2 | Klavier und Orchester

Varvara Nepomnyashchaya, Klavier; Junges Sinfonie Orchester Hannover, Tobias Rokahr | Tellkampfschule

Jubiläumskonzert der Chopin-Gesellschaft

Okka Mallek
Hannover, 10.02.2013

Eine Idee hat sich bewährt und das ist ein Grund zum Feiern! Seit 25 Jahren präsentiert die hannoversche Chopin-Gesellschaft der öffentlichkeit als sommerliches Open-Air-Konzert anspruchsvolle klassische Musik im hannoverschen Georgengarten. Längst ist diese Einrichtung zu einer beliebten Tradition geworden und seit der Gründung ist das junge Sinfonieorchester Hannover (JSO) dabei. Die Chopin-Gesellschaft hat zahlreiche Solisten verpflichtet, mit dem JSO zu konzertieren und nun gab es, zusätzlich zum sommerlichen Traditionskonzert, ein Jubiläumskonzert in der hannoverschen Tellkampfschule. Ein geeigneter Rahmen für eine sinfonische Aufführung und ein sehr ansprechendes Programm im ausverkauften Haus. 

Schuberts „Unvollendete“, mit der der Abend eingeleitet wurde, ist zweifellos eine der meistgespielten Sinfonien. Ob es an dem Mysterium des Fragmentarischen, dem geheimnisvollen Nimbus oder einfach an der Schönheit der zahlreichen liedhaften Themen dieser zweisätzigen Sinfonie liegt, bleibt dahingestellt. über die Entstehung des Werkes gibt es keine aufschlussreichen historischen Belege. Diese Musik kann man auf sich wirken lassen und genießen. 

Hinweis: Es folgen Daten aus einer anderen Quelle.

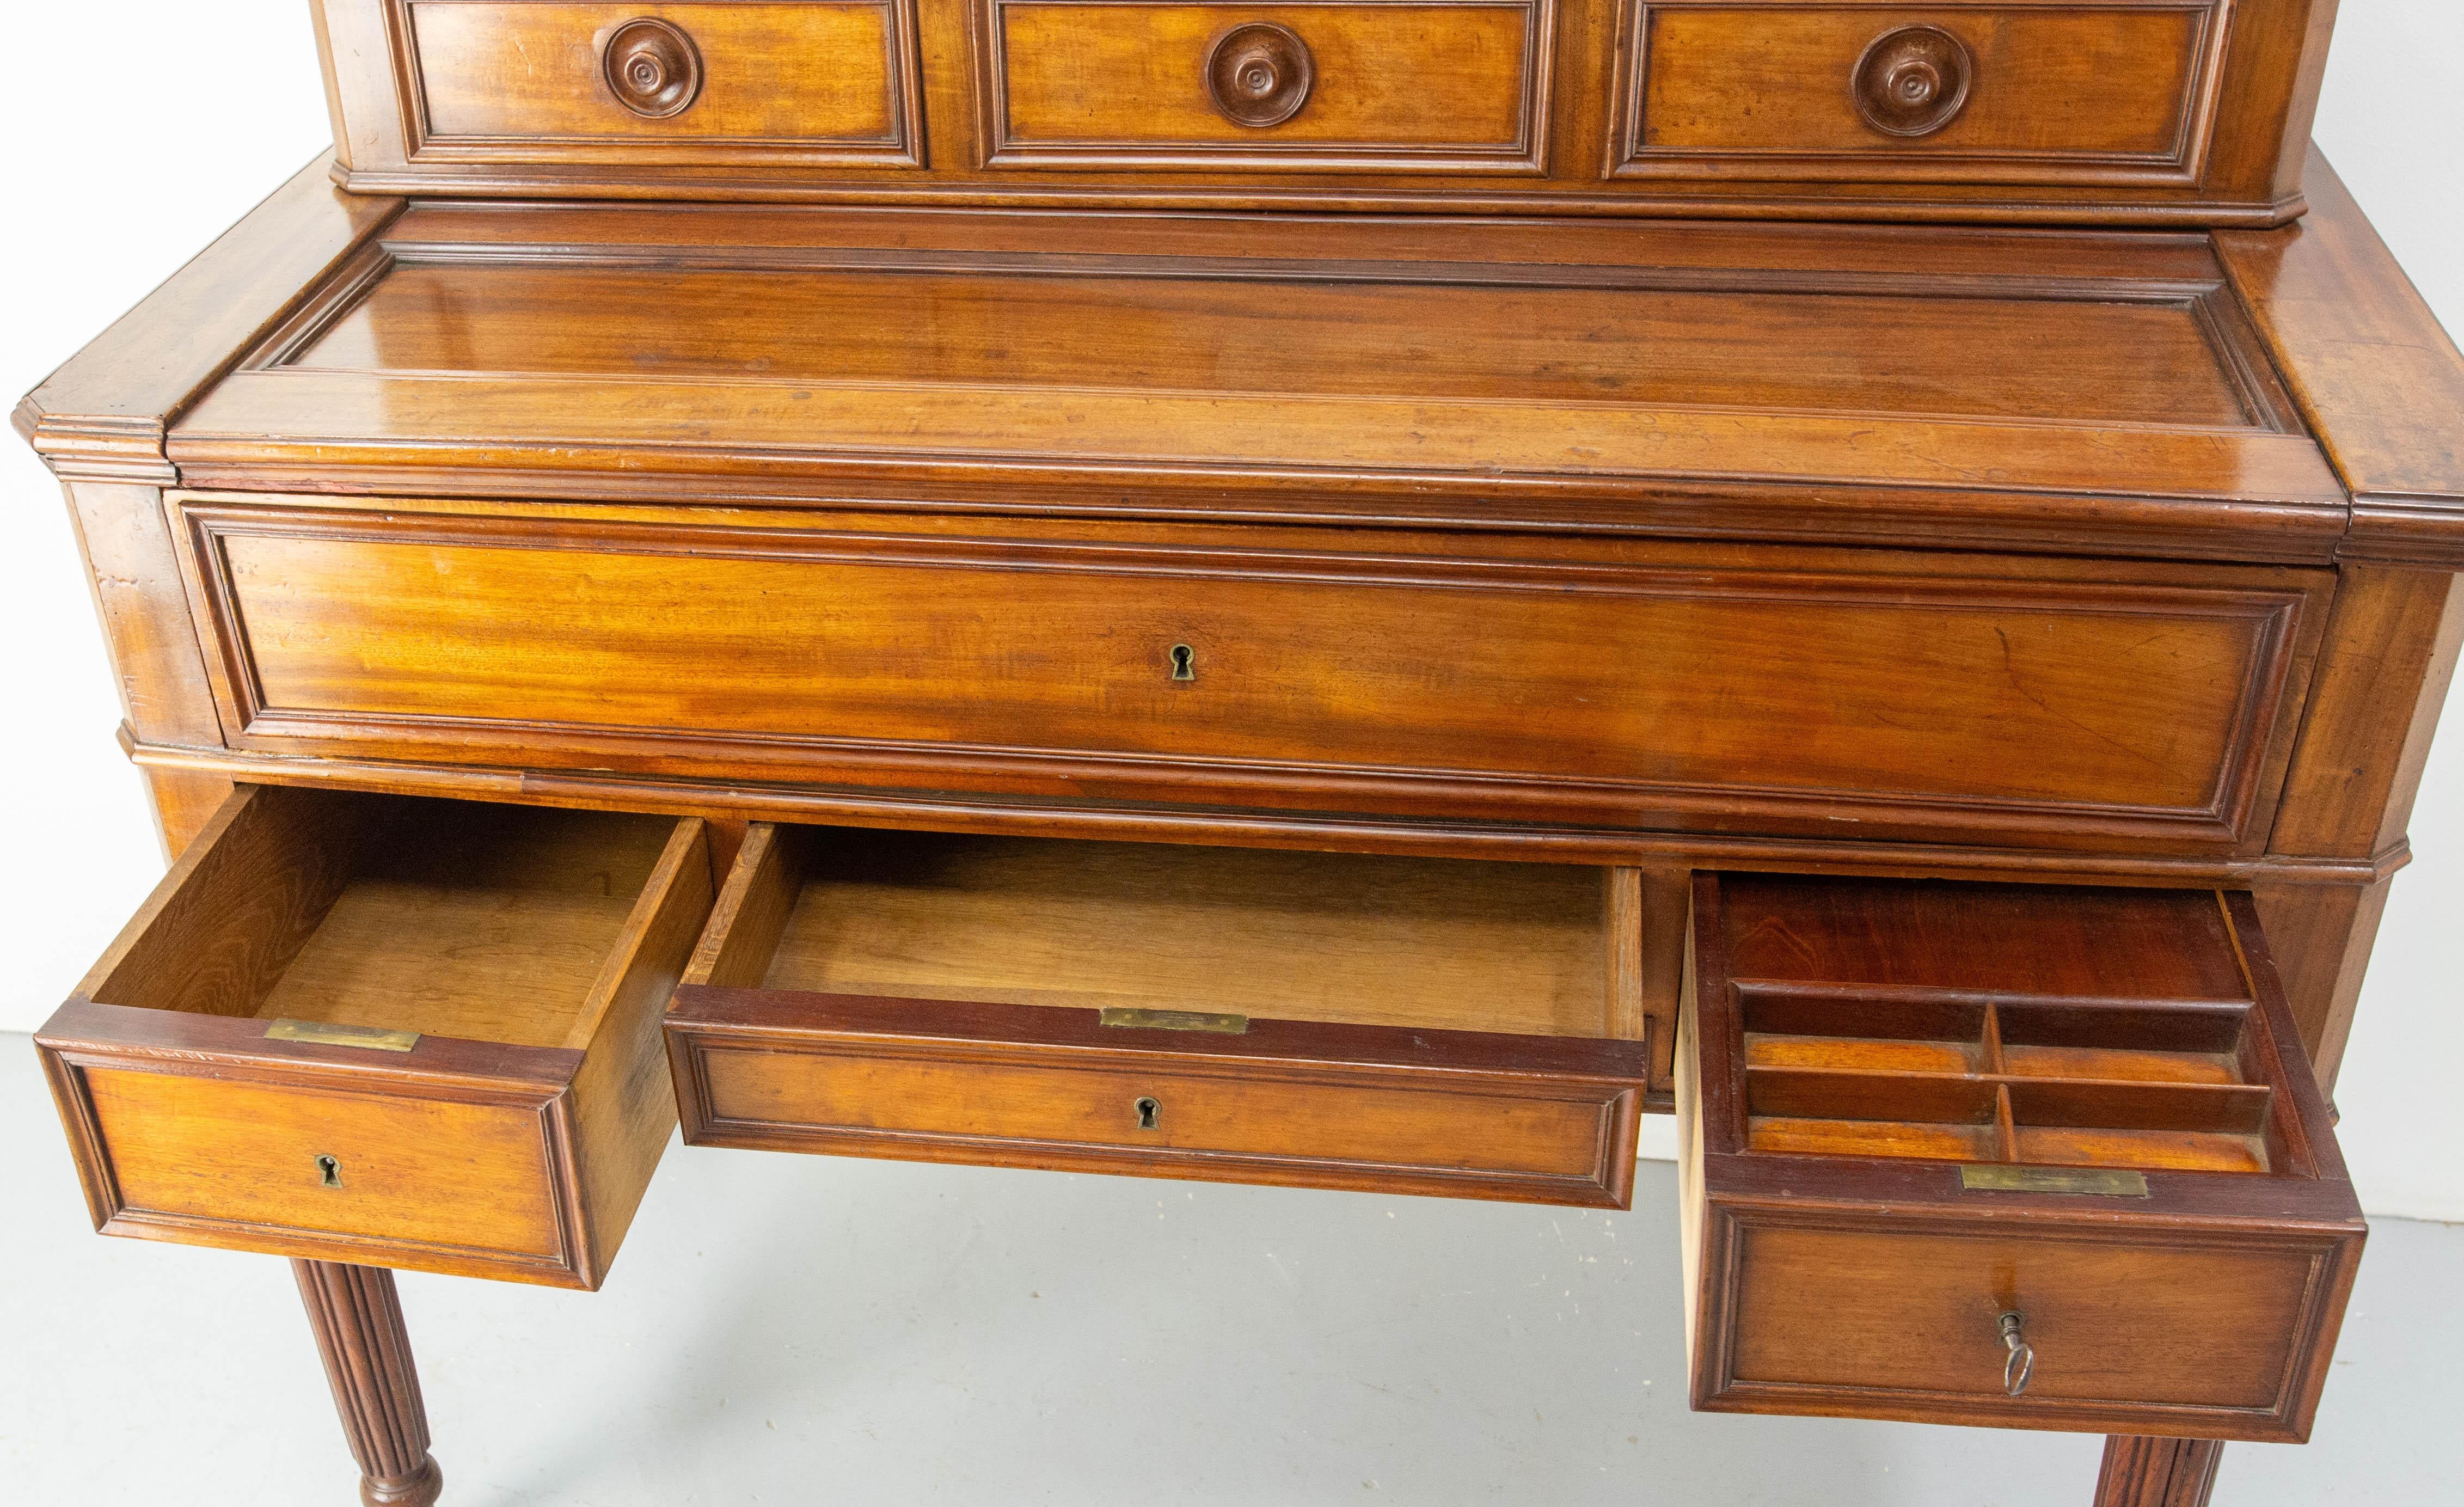 French 19th century Louis Philippe exotic wood desk, the top is recovered of coated fabric.
This secretary can be all locked. When the desk part is closed, the three top drawers cannot be opened thanks to a clever locking system. To open the desk

Das düster und bedrohlich wirkende Eingangsmotiv der Celli und Kontrabässe ließ das lästige knarren der Aulastühle schnell vergessen und spätestens als das Hauptthema in den Oboen und Klarinetten erklang, war der Hörer im Geschehen dieser ergreifenden Klangwelt. Tobias Rokahr als erfahrener Dirigent hatte sein Orchester gut im Griff und präsentierte sich als souveräner Klanggestalter. Besonders die Blechbläser verdienten sich großes Lob mit guter Intonation und präzisen Einsätzen und auch die Cellisten konnten sich hervorragend profilieren. 

Die Pianistin mit dem schwer auszusprechenden Namen Varvara Nepomnyashchaya bekam ihre musikalische Ausbildung am Moskauer Hochbegabteninstitut der Gnessin-Musikschule und am Moskauer Tschaikowsky-Konservatorium, bevor sie bei ihrem Landsmann Evgeni Koroliov an der Hamburger Musikhochschule, wo sie auch lehrt, studierte. 

Das 1. Klavierkonzert von Frédérik Chopin, mit dem die Pianistin nach der Pause den Höhepunkt des Konzertabends bestritt, gelang dieser jungen und überzeugenden Künstlerin grandios. Mit technischer Versiertheit gestaltete sie die anspruchsvollen Läufe und Figuren des ersten Satzes, voller Elan und Vitalität präsentierte sie die ornamentreichen Melodien der Romanze und zupackend nahm sie den synkopierten Rhythmus des Rondos in Angriff. Eine beeindruckende Pianistin auf höchstem Niveau.

Für den nicht enden wollenden Beifall bedankte sich Nepomnyashchaya mit der Etüde Op.10, Nr.5 in Ges-Dur, der so genannten „schwarzen Tasten Etüde“ von Chopin. 

Varvara Nepomnyashchaya

1983 in Moskau geboren, wurde zunächst elf Jahre lang an der Gnessin-Spezialschule für Musik bei Lidija Grigorieva ausgebildet, ehe sie die Klavierklasse von Mikhail Voskresensky am Moskauer Tschaikowsky-Konservatorium absolvierte. 2011 holte sie sich den letzten Schliff bei Evgeni Koroliov an der Hamburger Hochschule für Musik und Theater, wo sie seit einigen Monaten selbst als Lehrbeauftragte unterrichtet.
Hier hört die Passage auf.